The required urgency for the identification of potential treatments has necessitated the further investigation of a wide-range of potential therapeutic agents. The ones identified in this review are listed below in some detail.

3.7.1. Avermectine

The pesticide Avermectina (otherwise known as Abamectina and Ivermectina) is registered by the US Environmental Protection Agency (EMA) as a pesticide. The study with the pesticide Ivermectin, approved by the FDA as a pesticide against scabies and already used against the HIV, Zika, Dengue, West Nile and Influenza viruses. This study, carried out at the Monash University's Biomedicine Discovery Institute of the Peter Doherty Institute of Infection and Immunity in Australia, has shown that a single dose of the medicine would be able to block the growth of the pathogen in culture, eliminating all the viral genetic material within 48 hours (Author 14, 2020).

3.7.2. Association of chloroquine or hydroxychloroquine in combination with a macrolide (azithromycin)

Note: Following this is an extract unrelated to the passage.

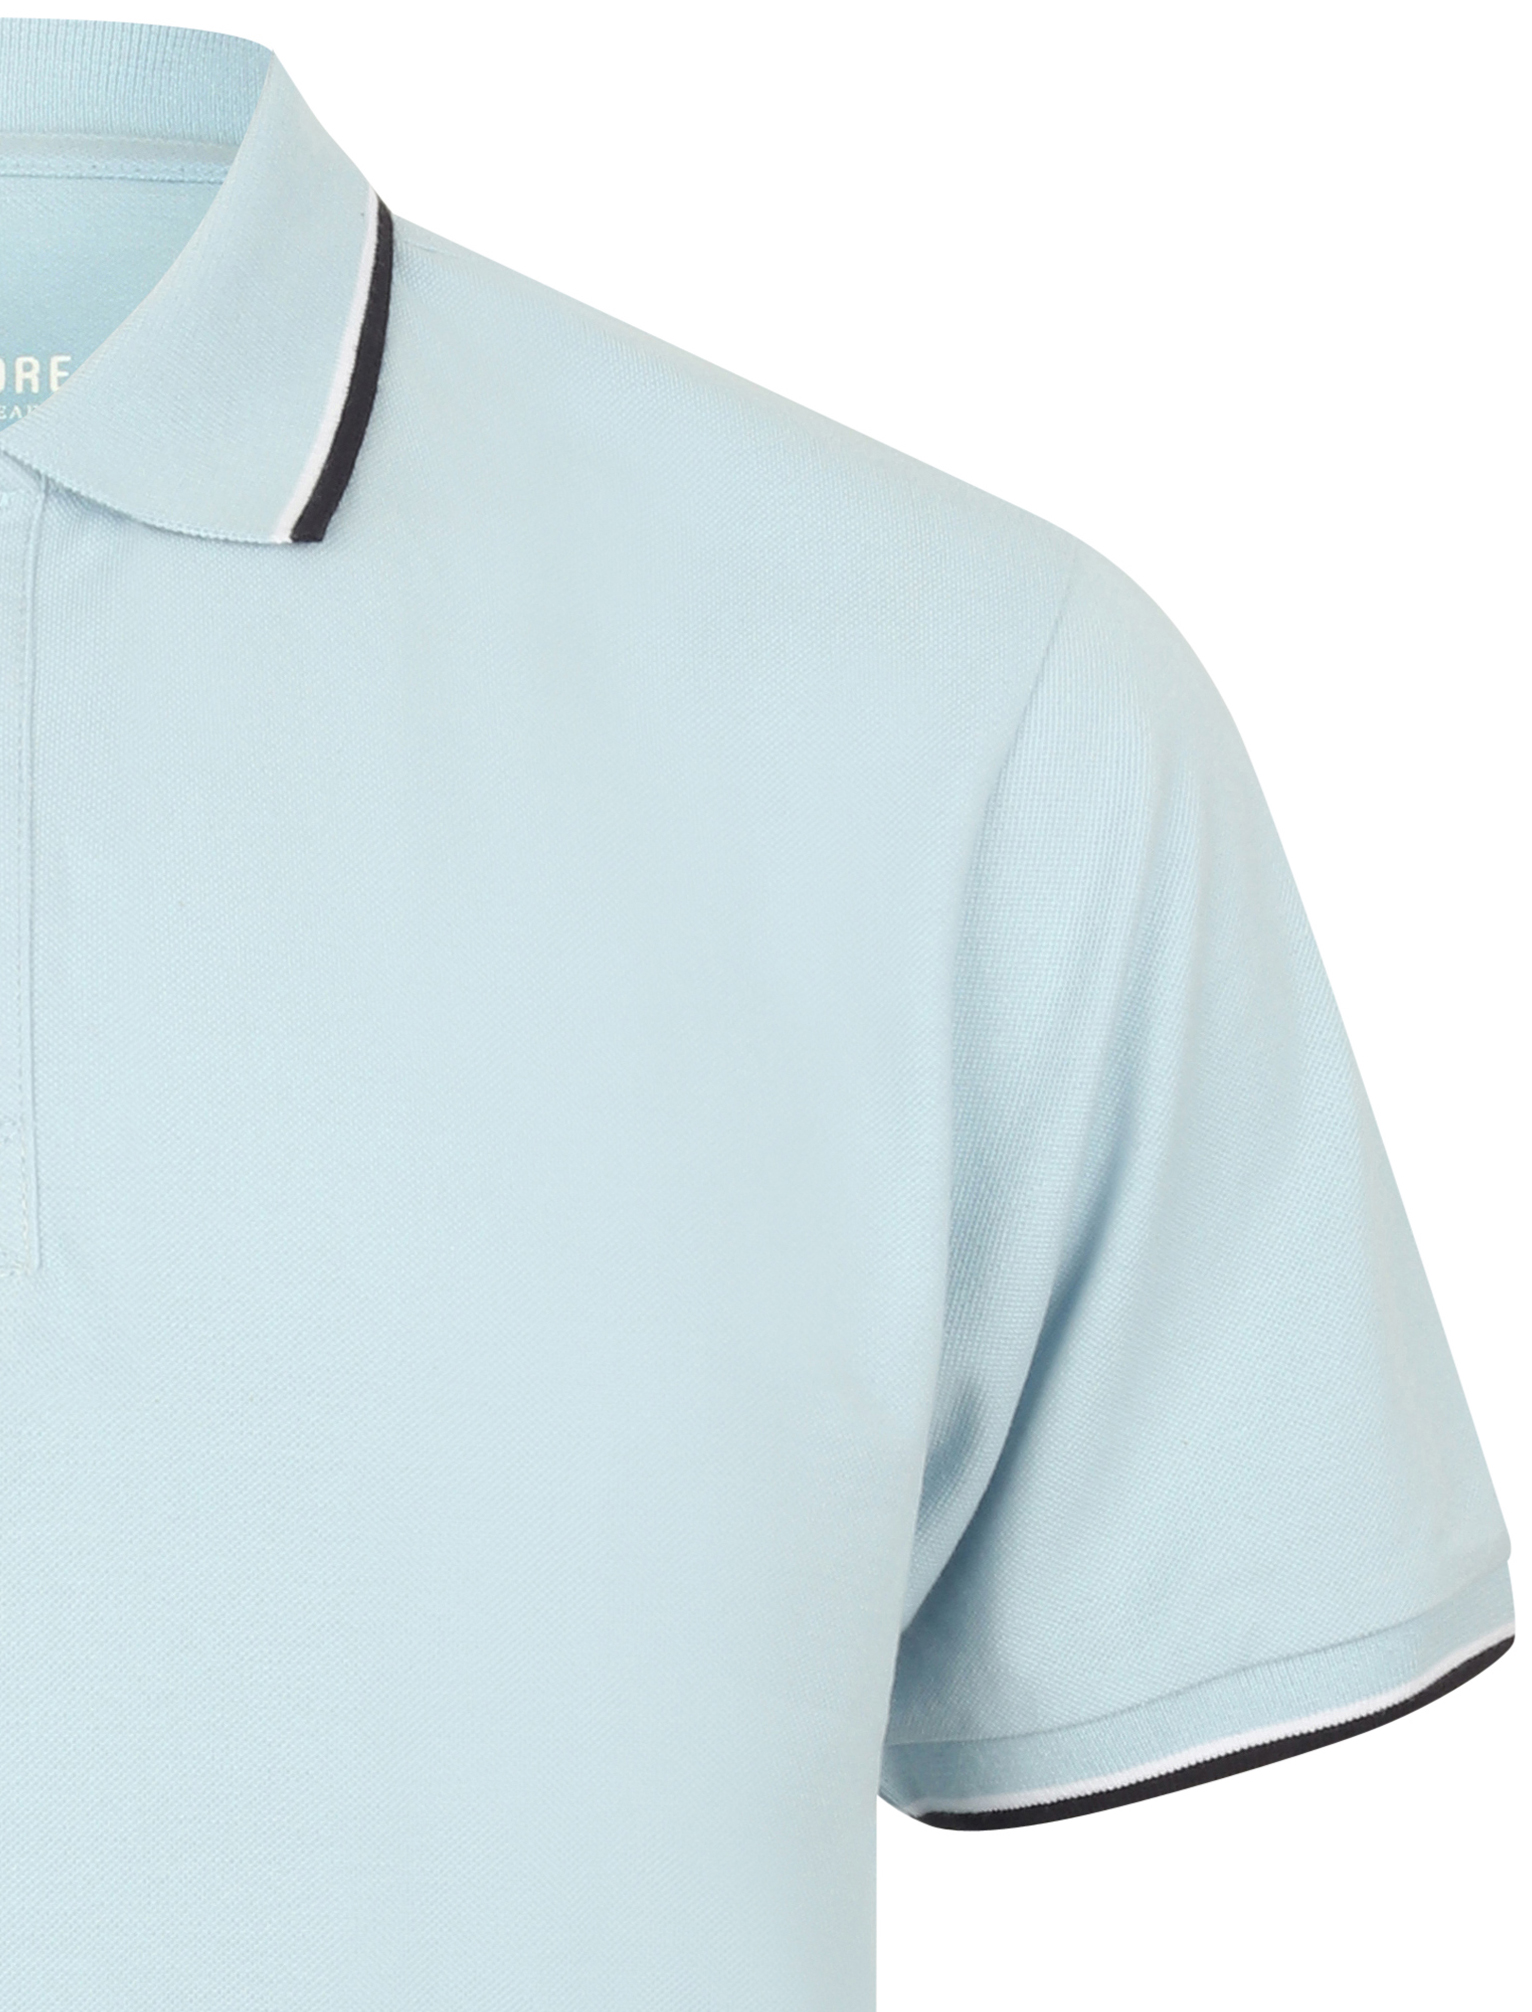 Sth-Shore-Mens-Plain-Polo-Shirt-100-Pique-Cotton-T-Shirt-Top-Collar-Size-M-XXL thumbnail 29
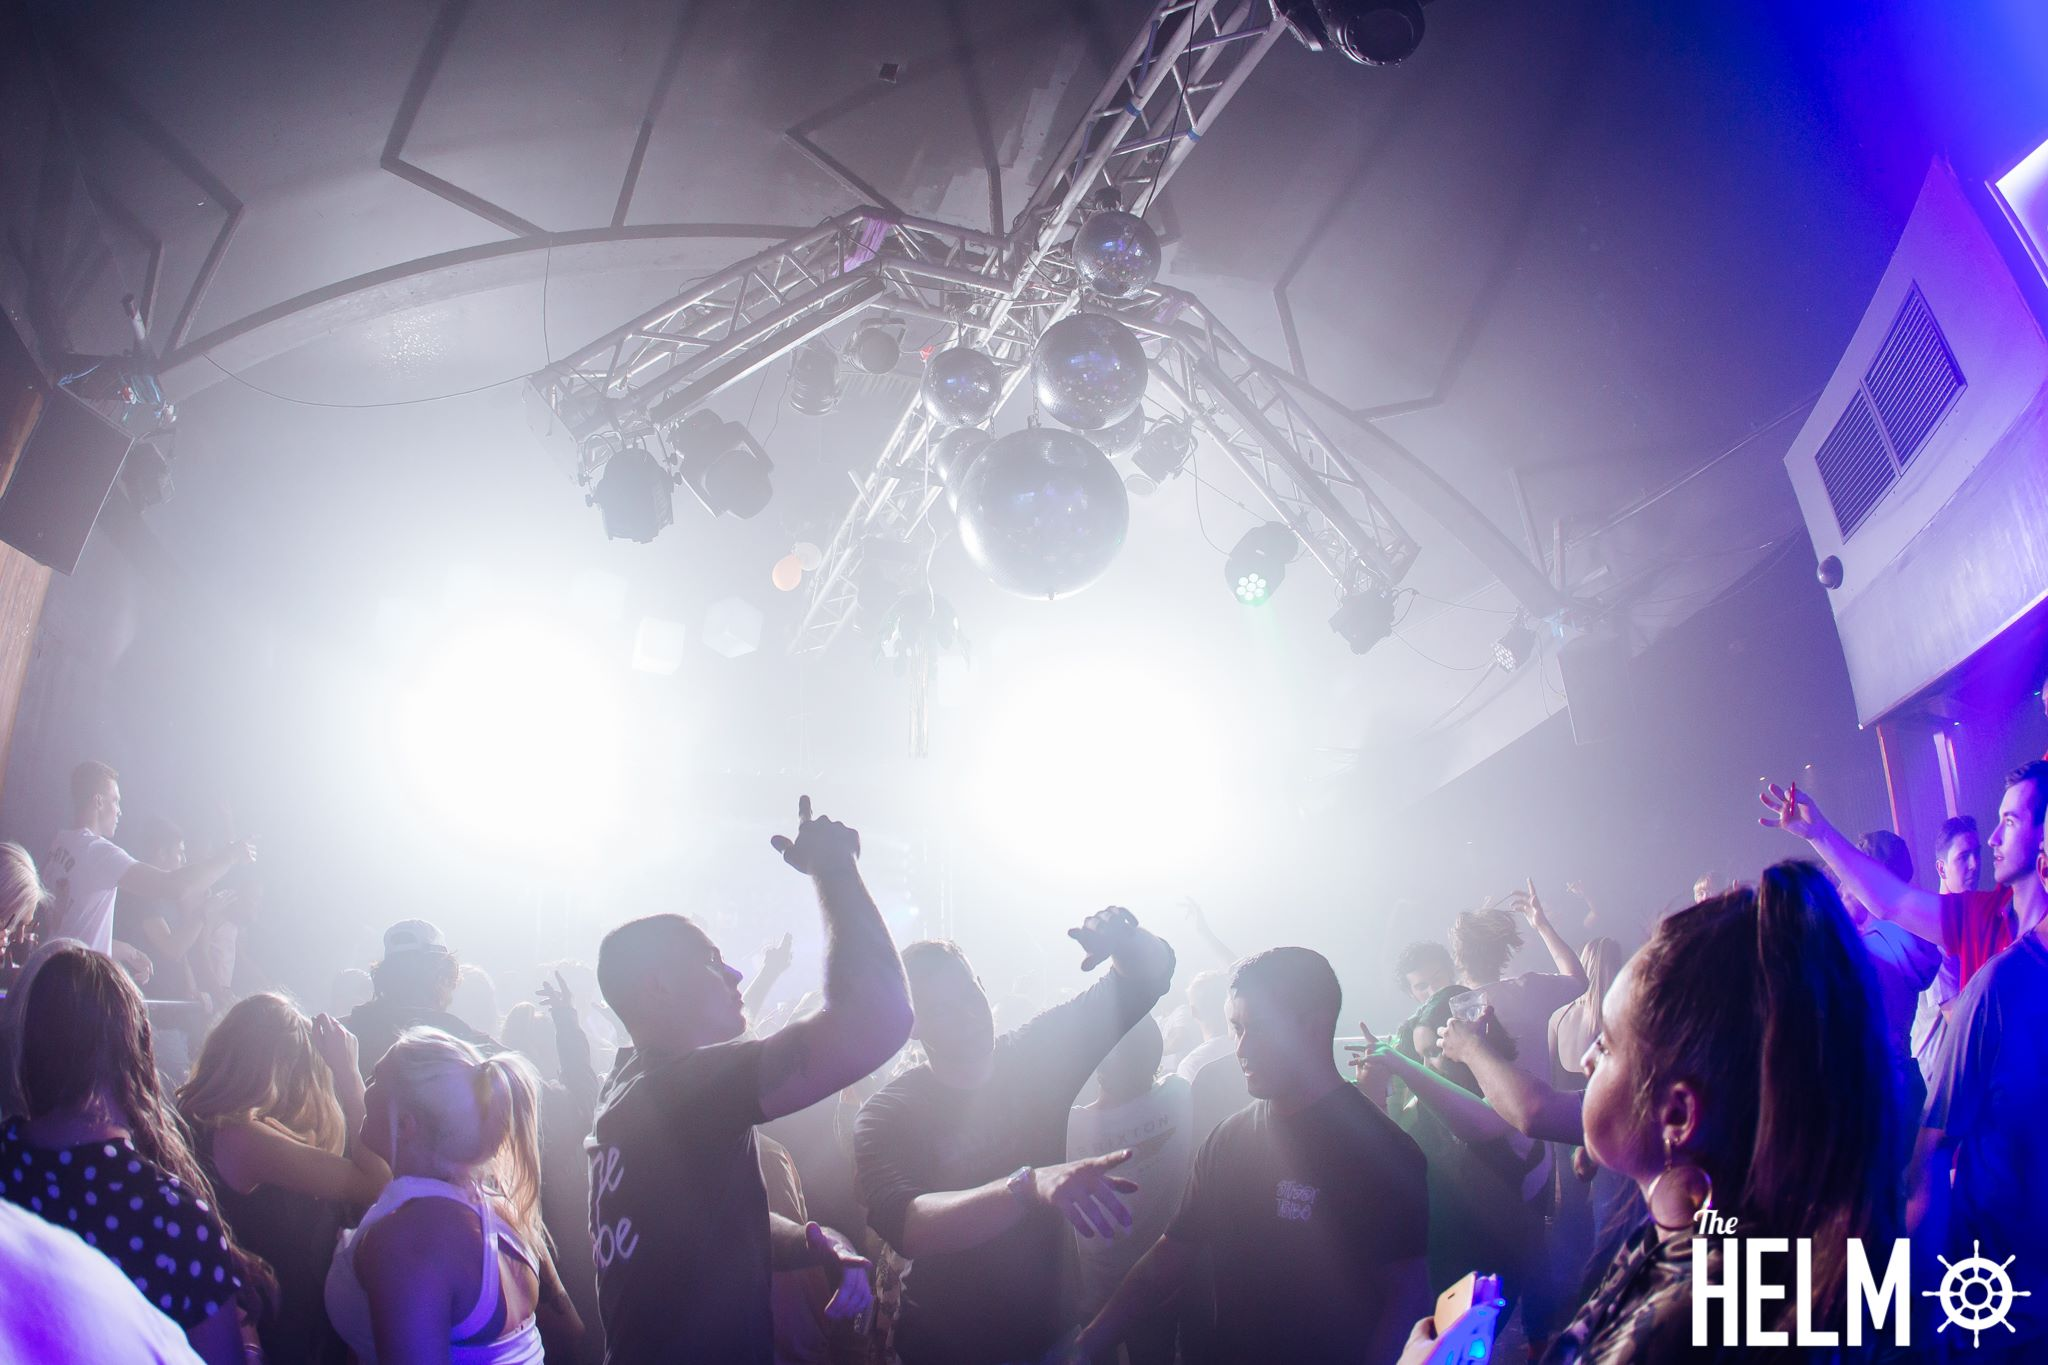 Helm nightclub in Mooloolaba

Two studies have been published in France on the combination of hydroxychloroquine and azithromycin in patients with COVID-19 by the same research team as The Méditerranée Infection University Hospital Institute in Marseille. In summary, the two studies have documented a significant reduction in viral load and a clinical improvement compared to the natural progression of the disease triggered by SARS-CoV-2 infection. A death was recorded, while three patients were hospitalized in the Intensive Care wards (pooled data of the two studies) (Gautret et al., 2020; Author 15, 2020).

3.7.3. Ruxolitinib

Ruxolitinib is an inhibitor of the signal transmission pathway mediated by Janus Kinase (Jak), with anti-inflammatory effects related to the inhibition of the release of cytokines. Normally ruxolitinib is used in the hematology field and is indicated for the treatment of splenomegaly or disease-related symptoms in adult patients with primary myelofibrosis. It is also approved for the treatment of adult patients with polycythemia vera who are resistant or intolerant to hydroxyurea (JAK Inhibitors: Prospects in Connective Tissue Diseases et al., 2020). A compassionate use of Ruxolitinib has also been approved by AIFA in Covid-19 patients with respiratory failure who do not require invasive assisted ventilation.

3.7.4. Baricitinib

Baricitinib is another JAK inhibitor indicated for the treatment of active rheumatoid arthritis (JAK Inhibitors: Prospects in Connective Tissue Diseases et al., 2020). AIFA has licensed a randomized phase 2 trial to evaluate the efficacy, safety and tolerability of baricitinib in addition to the usual treatment in patients with pneumonia in COVID-19 (Barcivid study) (Author 27, 2020).

3.7.5. Anti-diabetes

A new line of research comes from diabetologists. According to a study, in addition to the main entrance door of virus, the angiotensin-converting enzyme 2 (ACE2) receptor, the DPP4 receptor must be evaluated. The Dipeptidyl peptidase 4 (Dpp4) receptor is present on all human cell types (bronchi and hearth) and is the same on which many medicines for diabetes work (Iacobellis, 2020).

3.7.6. Colchicine

Colchicine is a molecule, capable of interfering with the inflammatory immune response observed in subjects with COVID-19. Colchicine is a drug that has been used for a long time and is effective for the treatment of acute attack of gouty arthritis. Specifically, it manages to reduce the release of cytokines, molecules that, like IL-6, are responsible for the inflammatory (La Regina et al., 2019; Author 9, 2020). A study has recently started in Italy (Author 28, 2020).

3.7.7. Heparin

A reduction of up to 20% in mortality among COVID-19 patients with a marked increase in an indicator of the presence of blood clots, was achieve due to the use of an old drug, heparin (Thachil, 2020). This was reported by a study according to which the use of heparin in COVID-19 patients could have anticoagulant effects, as well as anti-inflammatory and potentially even antiviral ones. It has been shown that new coronavirus infections are associated with a high mortality in the presence of high value of D-dimer, a particularly important marker for coagulopathy (Thachil, 2020). However, it will be necessary to study in depth at what dosage the drug could have such potential antiviral properties. A recent study has been approved by AIFA with enoxeparin (INHIXACOVID) (Author 29, 2020).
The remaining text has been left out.